The image selector 1404 may determine the distance (or difference) between the sharpness of the separated background 122 and the sharpness of the subject 124 in the process of separating the subject pixels and the background pixels (S304) S306).

According to an embodiment, in a step S306 of determining the distance (or difference) between the sharpness of the background and the subject, the image selector 1404 calculates the average sharpness of the background pixels and the average sharpness of the subject pixels, The difference between the average background pixel sharpness and the average subject pixel sharpness can then be calculated.

The image selector 1404 may use region averaging to determine the average sharpness of the subject 124 and the background (e.g., 122 can be calculated. For example, the image selector 1404 may downscale the "sharpness map" of the image to factors of 2, 4, or 8 and may cause the subject 124 and the background 122 to appear in the downscaled sharpness maps, The average sharpness can be calculated.

The image selector 1404 may calculate the final sharpness as a weighted average of the average sharpness for each scaled sharpness map. In this case, the smaller the scale of the sharpness map is, the larger the weight becomes. For example, a sharpness map downscaled by a factor of 8 is smaller in scale than a sharpness map downscaled by a factor of two. Specifically, each of the 1/6, 1/3, and 1/2 weights may be applied corresponding to each of the sharpness maps downscaled by the factors of 2, 4, and 8.

The difference between the average background pixel sharpness and the average subject pixel sharpness can be used as the difference between the sharpness of the background 122 and the sharpness of the subject 124.

In this example, the scene separation circuit 1402 can separate the pixels using a sharpness distribution such as a two-mode Gaussian distribution, and the difference between the peaks of the two lobes lobes is the sharpness of the subject and the background The difference between the sharpnesses of the first and second regions can be expressed.

With continued reference to FIG. 5A, the image selector 1404 may store the calculated difference associated with the image in the image memory 1200 (S307). Image selector 1404 may store information about the differences associated with the image in any known manner. According to an embodiment, the information about the difference may be stored in a lookup table.
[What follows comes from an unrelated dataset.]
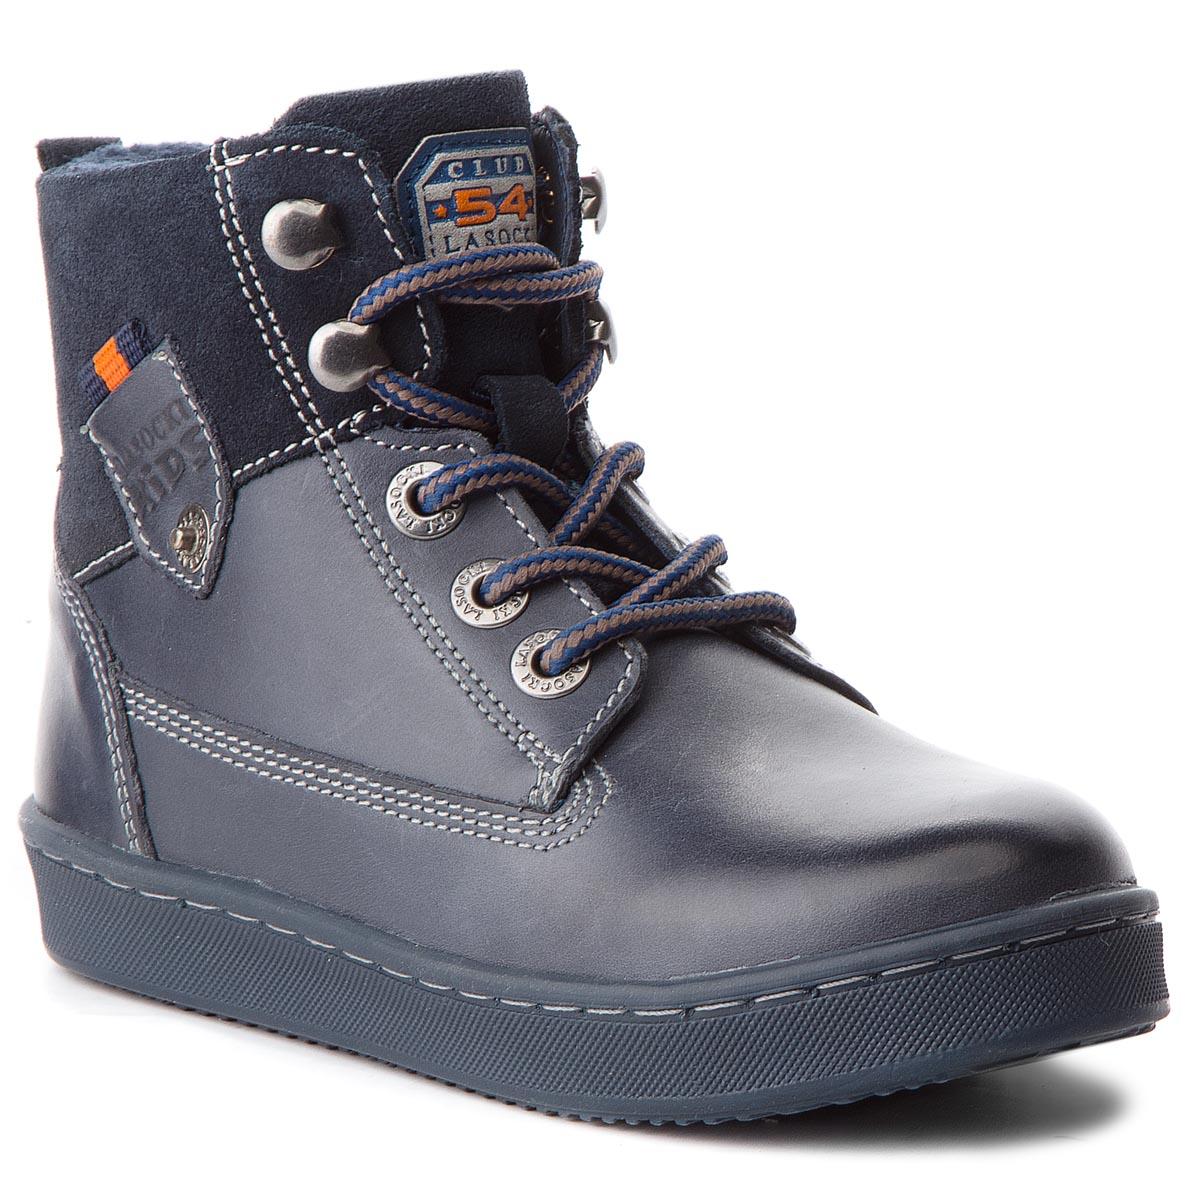 Outdoorová obuv LASOCKI KIDS - CI12-ERYK-01 Tmavo modrá

The panning mode processing circuit 1400 can determine whether panning mode processing for the captured images has been completed (S308). Depending on the embodiment, the panning mode processing circuitry 1400 may determine the sharpness of the background 122 (also referred to as "background sharpness") and the sharpness of the subject 124 (Also referred to as "subject sharpness") is calculated or determined, it can be determined that the panning mode processing has been completed.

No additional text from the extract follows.